Parnassus Books in Nashville, Tenn., announced that it will be expanding into an adjacent storefront in the first quarter of 2016. According to Mary Laura Philpott, the store's social media manager, the new space is 1,850 square feet and will bring the store's grand total to around 5,000 square feet.

"With a bit more breathing room, we'll have space for more titles in all sections: children's, nonfiction, all of it," said Philpott. "Plus, with more floor area, we'll be able to hold more people at our in-store events."

Ann Patchett and Karen Hayes founded Parnassus in 2011.

Ellen Archer Named President of HMH Trade Publishing

Houghton Mifflin Harcourt has appointed Ellen Archer president of HMH Trade Publishing, where she will succeed Gary Gentel, who is retiring in 2016. Archer assumes her new role effective December 7. She spent 15 years at the Disney ABC Television Group, and for five years was president and publisher of Hyperion Books, then a division of the Walt Disney Company. Most recently, she consulted for start-ups and non-profits, providing strategic advice in content development, marketing and business planning.

Ellen Archer

"HMH is home to an incredibly rich collection of iconic assets and award-winning content," Archer said. "I'm proud to join this team, to continue to grow and expand our offering for lifelong learners, and to help leverage these properties in new and exciting ways, driving inspiration and curiosity in the home, in the classroom and beyond.”

HMH president and CEO Linda Zecher commented: "I'm thrilled that Ellen has agreed to join us as we continue to leverage the connection between our core education business and our consumer publishing business, expanding into new genres, further developing our brands and properties and delivering content in new ways and to new audiences."

Zecher added that for almost a decade, Gentel "has led HMH Trade Publishing, spearheading our transition into new media and channels, while building our legacy of award-winning content and authors. His leadership has resulted in revenue growth of over 60% for HMH Trade, earning him the respect of his team, the entire HMH business, and his peers across the industry. He will be missed by all."

Hachette Extends Rapid Replenishment Program

Hachette Book Group is extending the Rapid Replenishment Program, which it announced in October as a holiday program, "through 2016," the company said yesterday.

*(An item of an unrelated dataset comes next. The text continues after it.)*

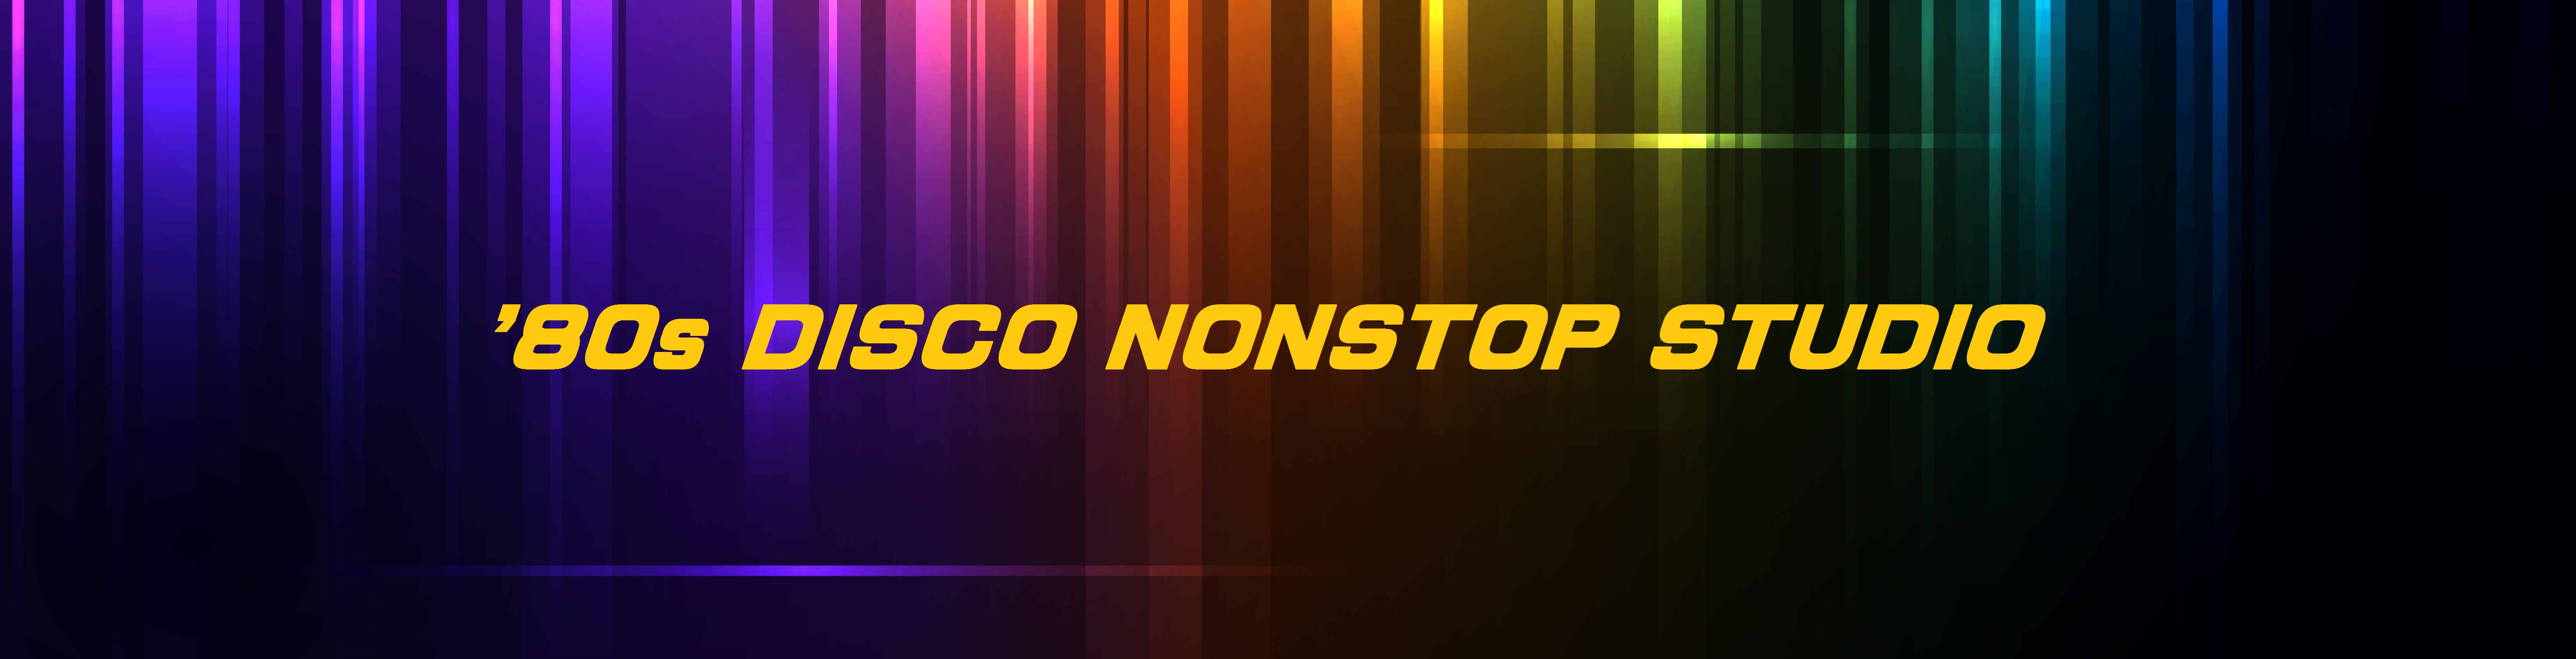 80's DISCO NONSTOP STUDIO | 80's DISCO MUSIC ♪ノンストップ♪で

Under the program, all orders, subject to stock availability, received from independent retailers on Mondays by 3 p.m. ET will be entered, picked, packed and guaranteed to arrive no later than Friday of the same week. Orders placed Tuesday through Friday will be entered, picked and packed within 24 hours and shipped standard method. This includes orders received into the Hachette system via electronic ordering platforms like Edelweiss.

The program is for independent retailers in good standing within the continental 48 States and applies to most of its distribution clients.

Obituary Note: Christopher Middleton

British poet, translator and essayist Christopher Middleton died November 29. He was 89. The Independent noted that his poetry "was rooted in a scholarship very lightly worn, drew its sources from whatever happened to be preoccupying him at the moment of its creation, be it Roman numismatics, a Cretan deity or the proud grace of a passing feline.... In addition to his own poetry, he translated a good deal from other tongues--French, Swedish, Spanish, Arabic, Turkish--but most often from German, including works by Gottfried Benn, von Hofmannsthal, Goethe, Holderlin and others and works by the supremely odd Swiss prose writer Robert Walser, whose cause he championed for more than half a century."

From "The Paradox of Jerome's Lion":

Local his discourse, not yet exemplary,
Nowadays he is old, the translator,
So old he is practically transparent.

Good things and otherwise, evils done
Come home to him, too close to the bone
And so little transformed,
Him so transparent,
They float in and out of his window. 


Booksellers Honored as Parade Grand Marshals

photo: Walter Hinick/the Montana Standard

The grand marshals for today's 25th annual Uptown Christmas Stroll parade in Butte, Mont., are local booksellers Bill and Jo Antonioli of Books & Books, as well as Ann-Finch Johnston and Kathleen Finch of Second Edition Books, the Montana Standard reported. Mainstreet Uptown Butte director George Everett said that in celebrating independent bookstores, the honor "represents the staying power of the printed word in our community in longtime businesses." 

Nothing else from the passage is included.